It must be more than just memory:
Human: The capital of Ireland is Dublin. Machine: OK. Human: The capital of France is Paris. Machine: OK. Human: What is the capital of Ireland? Machine: Dublin. Human: Brilliant.The machine should learn something new.
The problem of induction:
We have experience of a finite number of situations. We must generalise our experience to a new situation, where we have never been told the answer, and make a good guess, where we are not simply recovering a past answer from memory.
Human: In situation x1, answer is a1. Human: In situation x2, answer is a2. Human: In situation x3, answer is a3. Human: In situation x4, what is answer? Machine: f(x4).where the machine is "learning" the function f.
Each Input-Output pair (xi, ai) that we show to the machine is called an exemplar. Learning from exemplars like this is called supervised learning.
f(x4) might be an interpolation (if x4 is between 2 of the points x1,..,x3) or an extrapolation (if x4 is outside the previous points).
Human: In situation x1, answer is a1. Machine: OK. I am building a function f(x). Currently, f(x) = a1 for all x. Human: In situation x2, answer is a2. Machine: f is becoming a more complex mapping, that gives different results for different x. e.g. Perhaps currently f((x1+x2)/2) = (a1+a2)/2.
Human: In situation x3, answer is a3. Machine: f is getting more complex.Maybe now f is no longer a straight line. We still may estimate f((x1+x2)/2) = (a1+a2)/2, but from now we restrict ourselves to interpolations rather than extrapolations.

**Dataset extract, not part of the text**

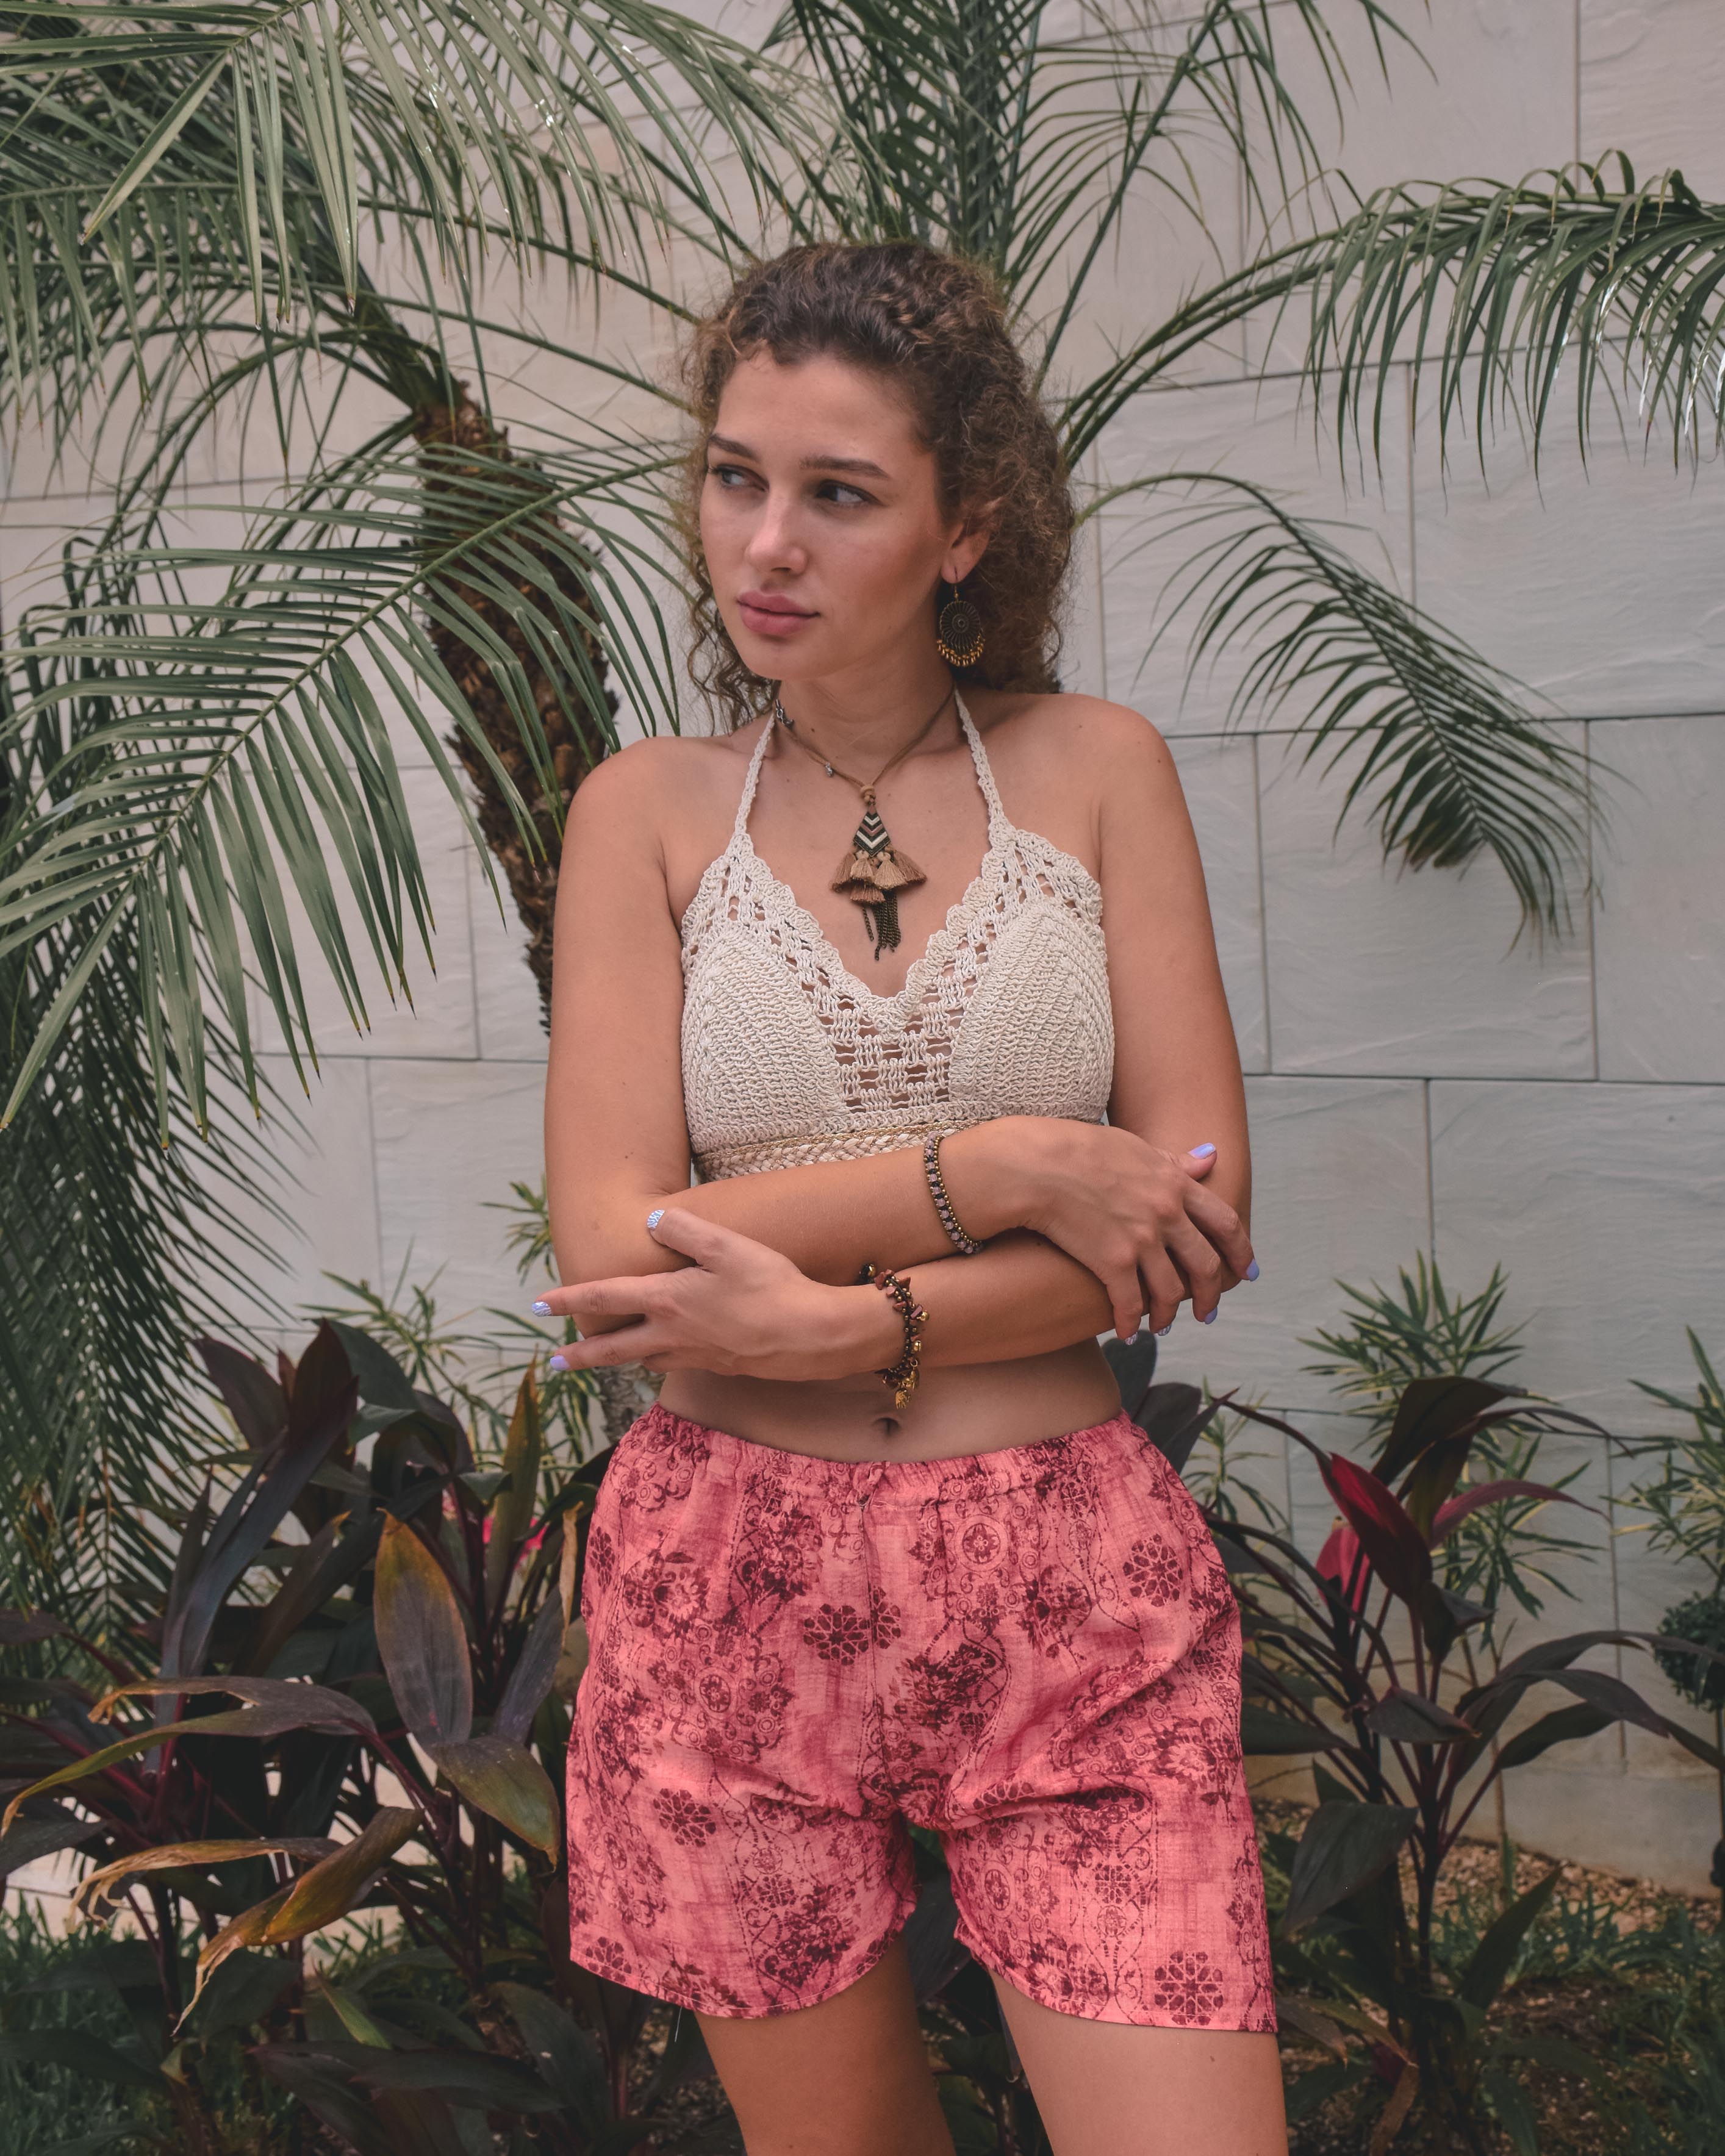 JAIPUR SHORTS Elepanta Women's Shorts - Buy Today Elephant Pants Jewelry And Bohemian Clothes Handmade In Thailand Help To Save The Elephants FairTrade And Vegan

Human: In situation x4, what is answer? Machine: Using my current definition of f, my answer is f(x4).
If x=0, answer is 0. If x=100, answer is 100. If x=50, answer is 95. If x=25, what is answer?
The idea of Representing a function from exemplars is that "nearby" Input should generate "nearby" Output.
But some functions defeat this simple idea:
We do not expect that the learning method from exemplars will be able to learn
to represent
a chaotic function
(or
a function in a region where it is behaving chaotically).
To represent the chaotic area the function would have to be learnt
to an impractically (perhaps infinitely) high level of granularity.
However we do hope that our unknown function is not actually perverse enough to be chaotic, at least in some local regions.
We expect that the learning method can cope
with any reasonably well behaved non-linear, continuous function.
For instance, the function:
f(x) = sin(x) + sin(2x) + sin(5x) + cos(x)Here is the kind of thing we want - a learning method approximating the above function after having seen 1 million exemplars (top) and 5 million (bottom):
See details later.
Fractals - The same pattern repeats at different scales. Repeatedly magnify it and it looks the same. Here we could possibly represent it to reasonable accuracy (not perfect) using a finite data structure, because the range decreases. A small change does not bounce across the global range, as in the chaotic functions above.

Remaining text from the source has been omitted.